For the MIP business, the Company is responsible to its customers for all phases of the design, assembly, supply and, if included, field installation of its products and systems. The successful completion of a project is generally determined by a successful operational test of the supplied equipment conducted by our field service technician in the presence of the customer. For ROB Cemtrex GmbH, the company is responsible for the production, supply, and delivery of products to its customers. In order to satisfy customer orders, the Company must consistently meet production deadlines and maintain a high standard of quality.
INSURANCE
The Company currently maintains different types of insurance, including general liability and property coverage. The Company does not maintain product liability insurance with respect to its products and equipment. Management believes that the insurance coverage that it has is adequate for its current business needs.
EMPLOYEES
The Company employs approximately 220 people as of December 31, 2013, including 15 engaged in engineering, 162 in manufacturing and 43 in administrative and marketing functions.
GOVERNMENT REGULATION
The Company’s operations are subject to certain foreign, federal, state and local regulatory requirements relating to, among others, environmental, waste management, labor and health and safety matters. Management believes that the Company’s business is operated in material compliance with all such regulations.

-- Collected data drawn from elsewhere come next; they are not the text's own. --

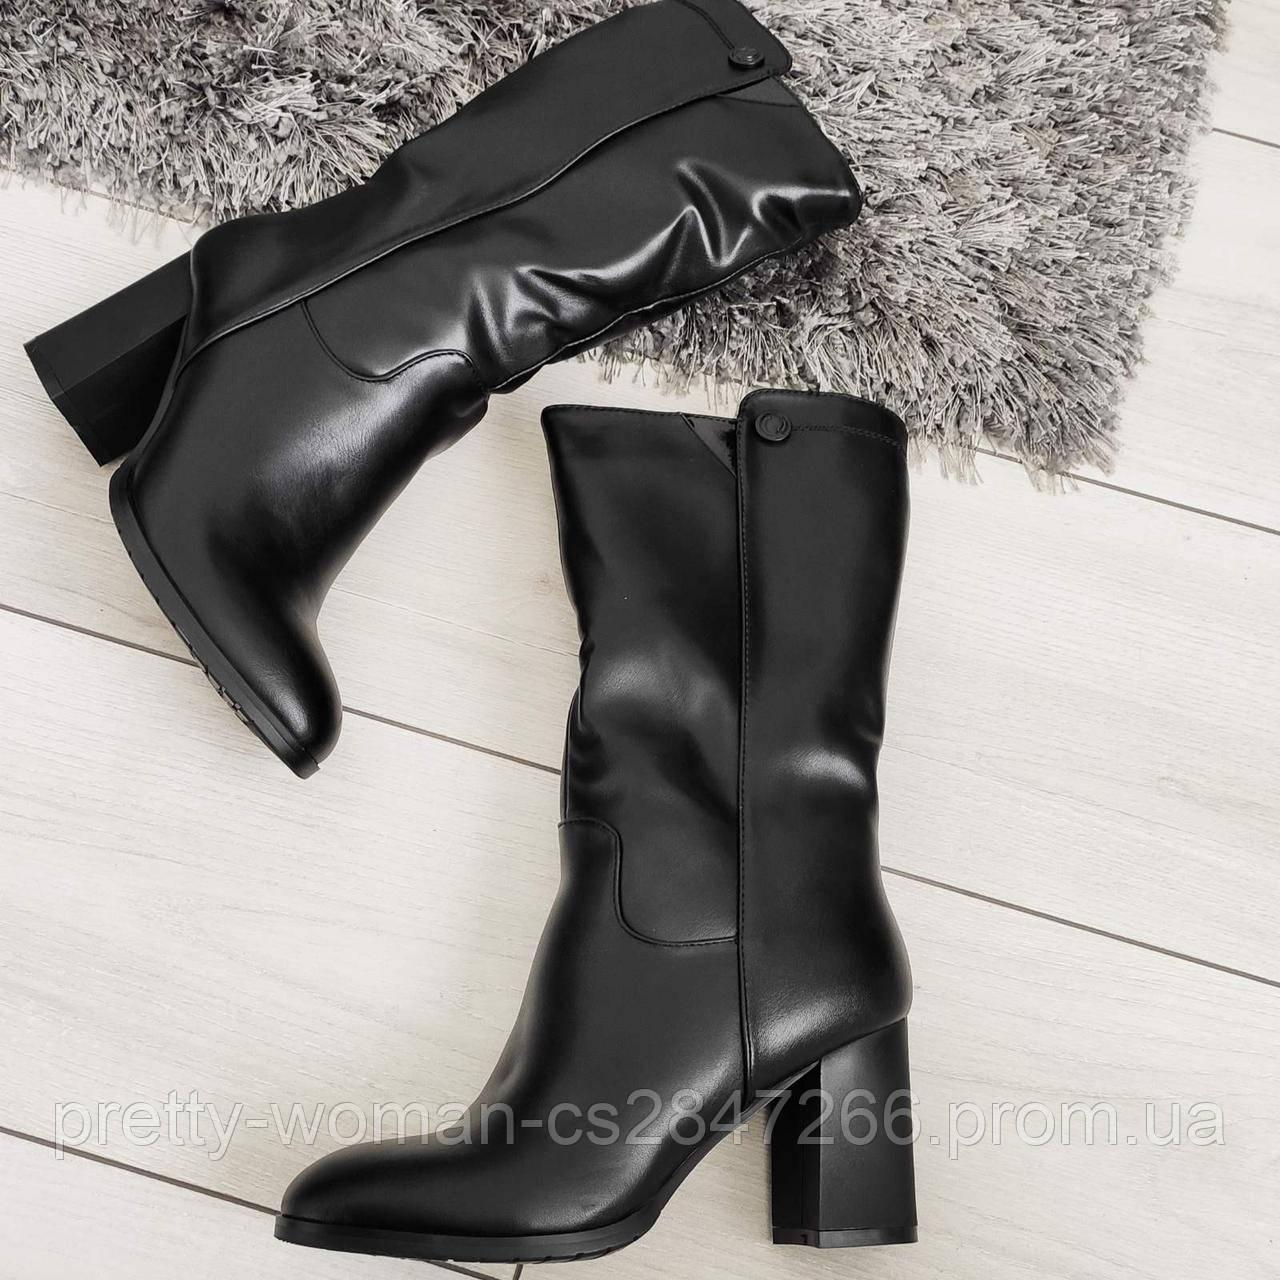 Напівчоботи жіночі зимові екошкіра на каблуку чорні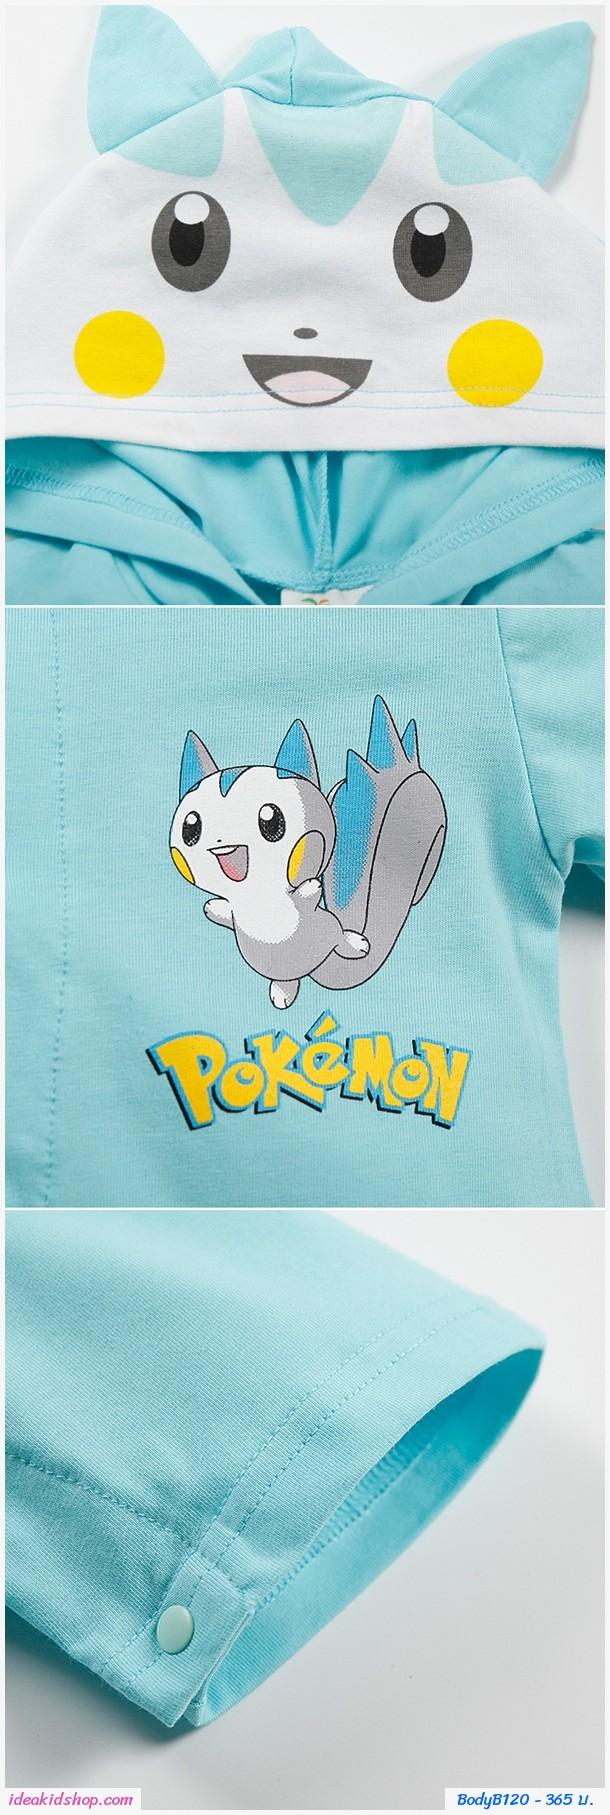 บอดี้สูทมีฮู้ด Pokemon Pachirisu สีฟ้า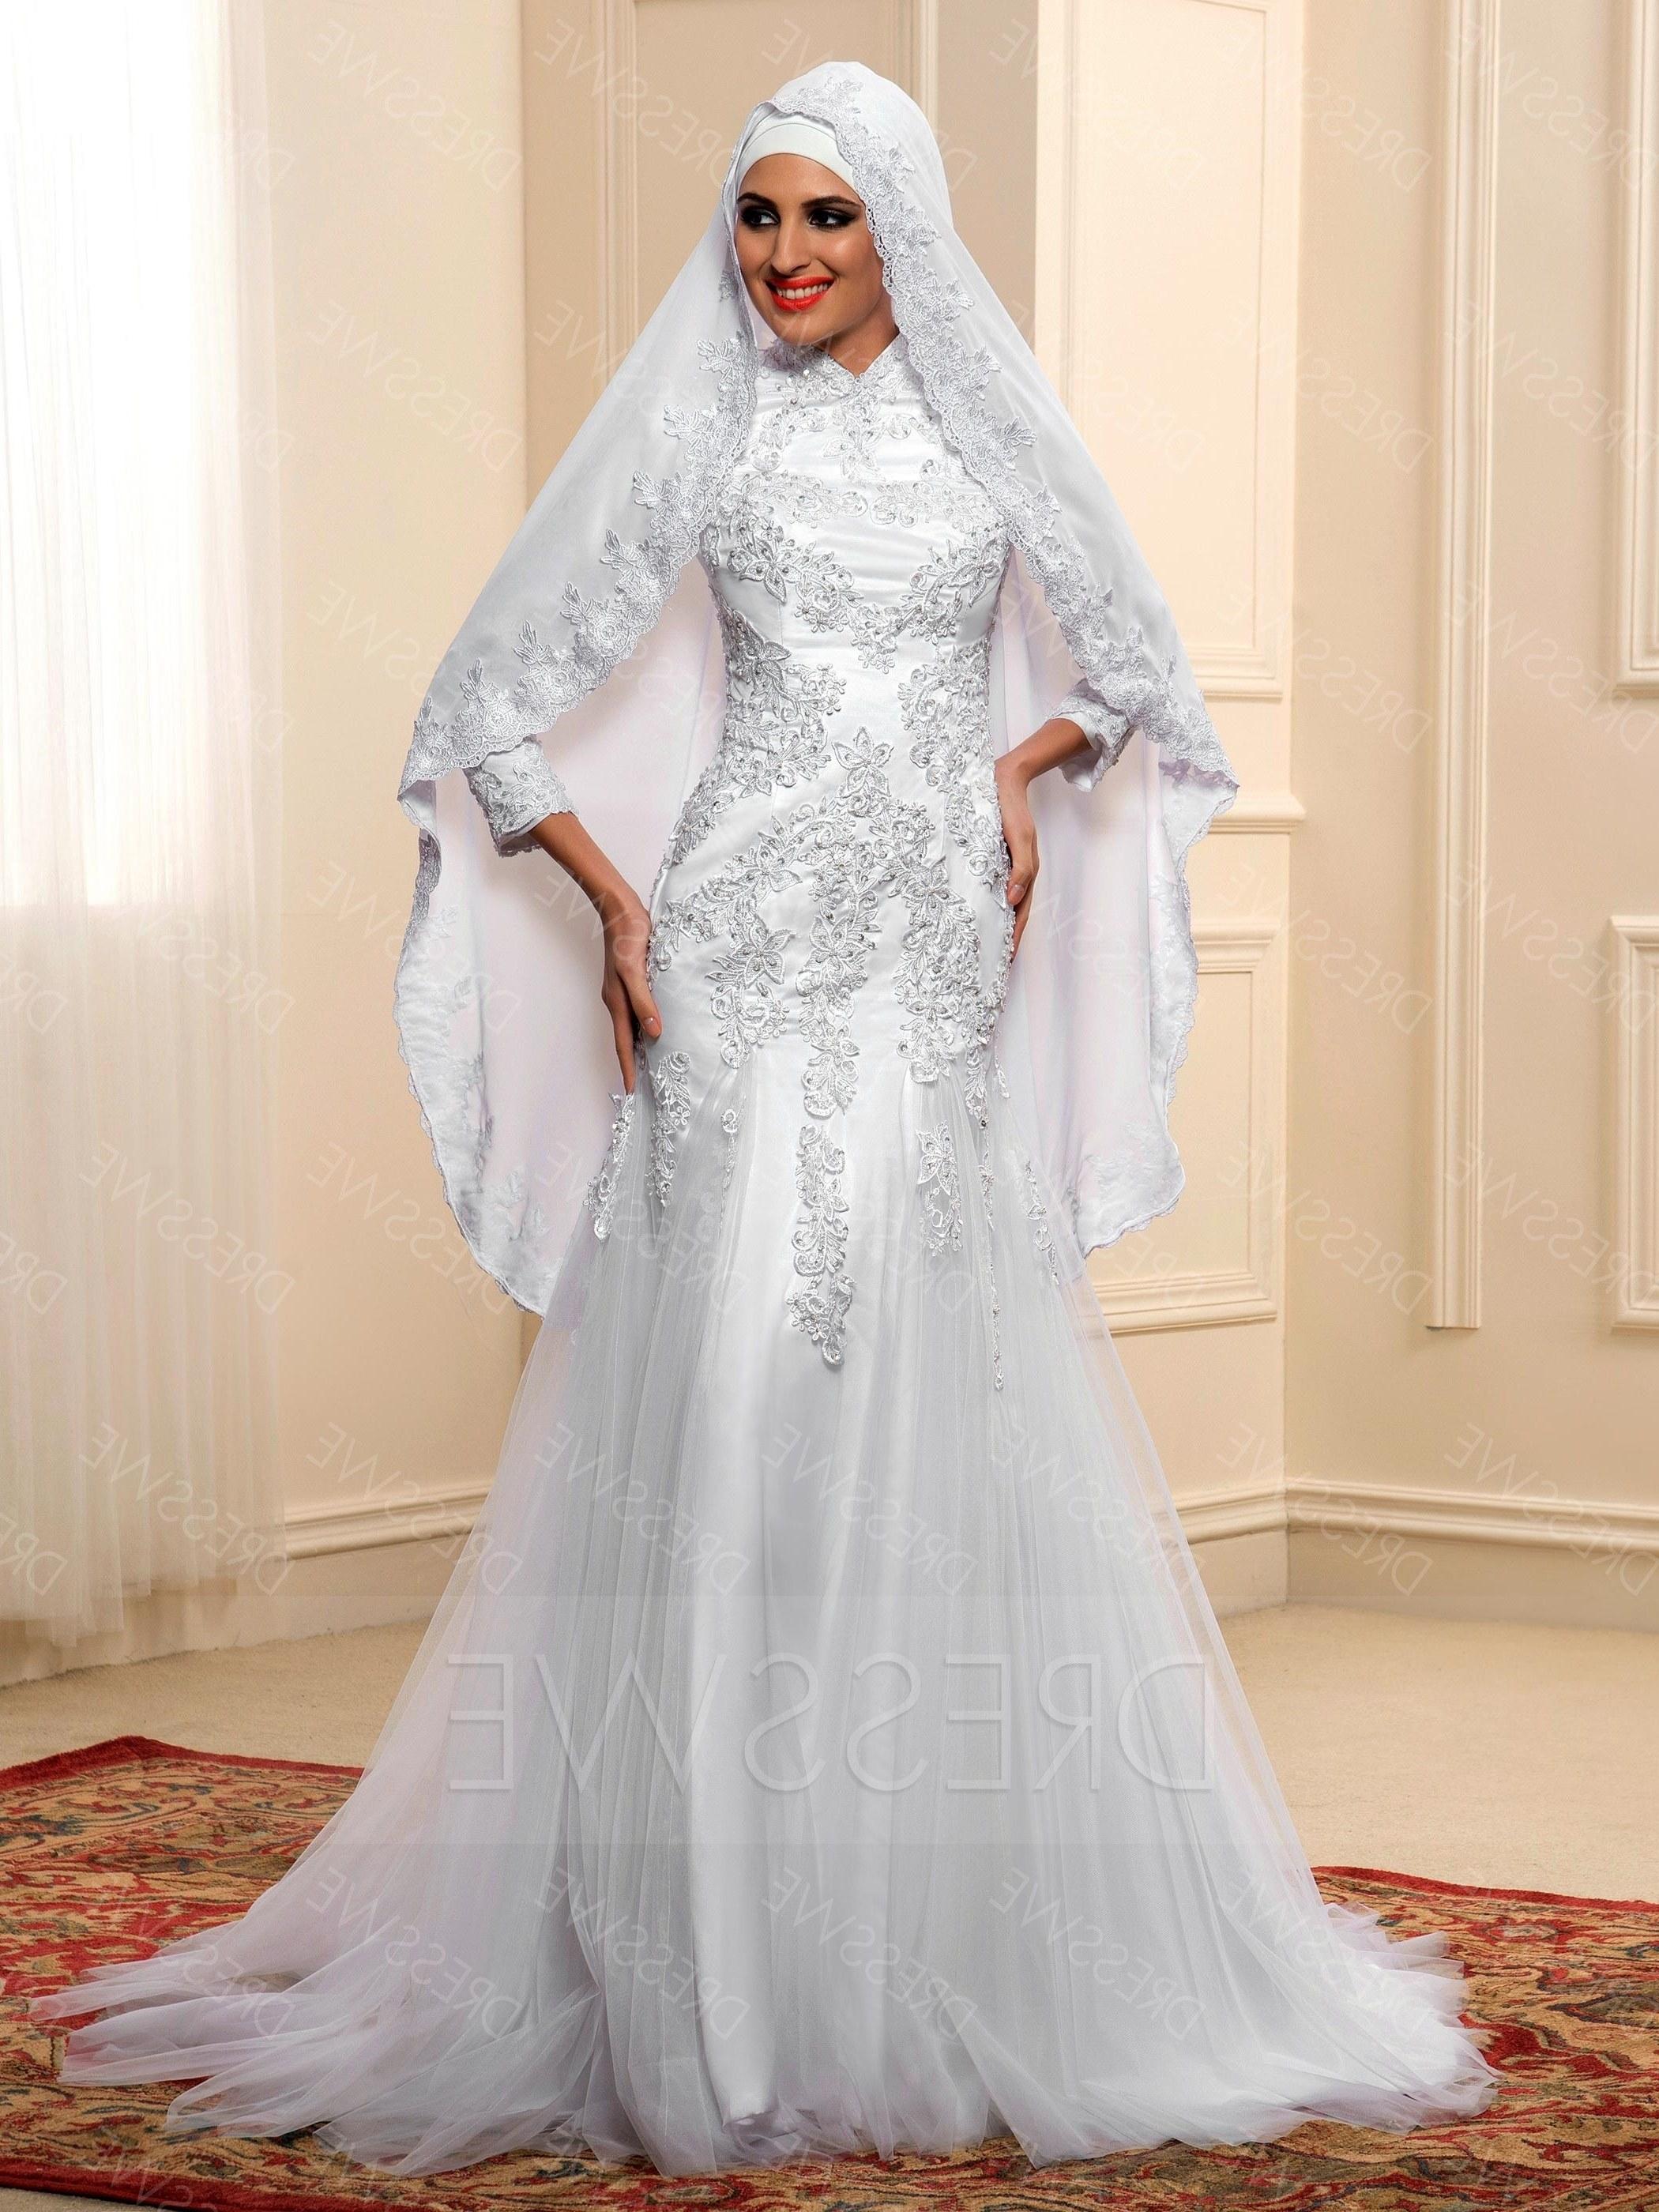 Ide Baju Pengantin Muslim Sederhana 0gdr Model Kebaya Akad Nikah Hijab Model Kebaya Terbaru 2019

Management believes that the existence of governmental regulations creates demand for Company's emission monitoring equipment and environmental control systems. Significant environmental laws, particularly the Federal Clean Air Act, have been enacted in response to public concern about the environment. The Company believes that compliance with and enforcement of these laws and regulations create the demand for its environmental control related products and systems. The Federal Clean Air Act, initially adopted in 1970 and extensively amended in 1990, requires compliance with ambient air quality standards and empowers the EPA to establish and enforce limits on the emission of various pollutants from specific types of industrial facilities. States have primary responsibility for implementing these standards, and, in some cases, have adopted more stringent standards.
FINANCIAL CONDITION
The following table sets forth selected historical consolidated financial data from our consolidated financial statements and should be read in conjunction with our consolidated financial statements including the related notes and this “Management’s Discussion and Analysis of Financial Condition and Results of Operations” section hereof.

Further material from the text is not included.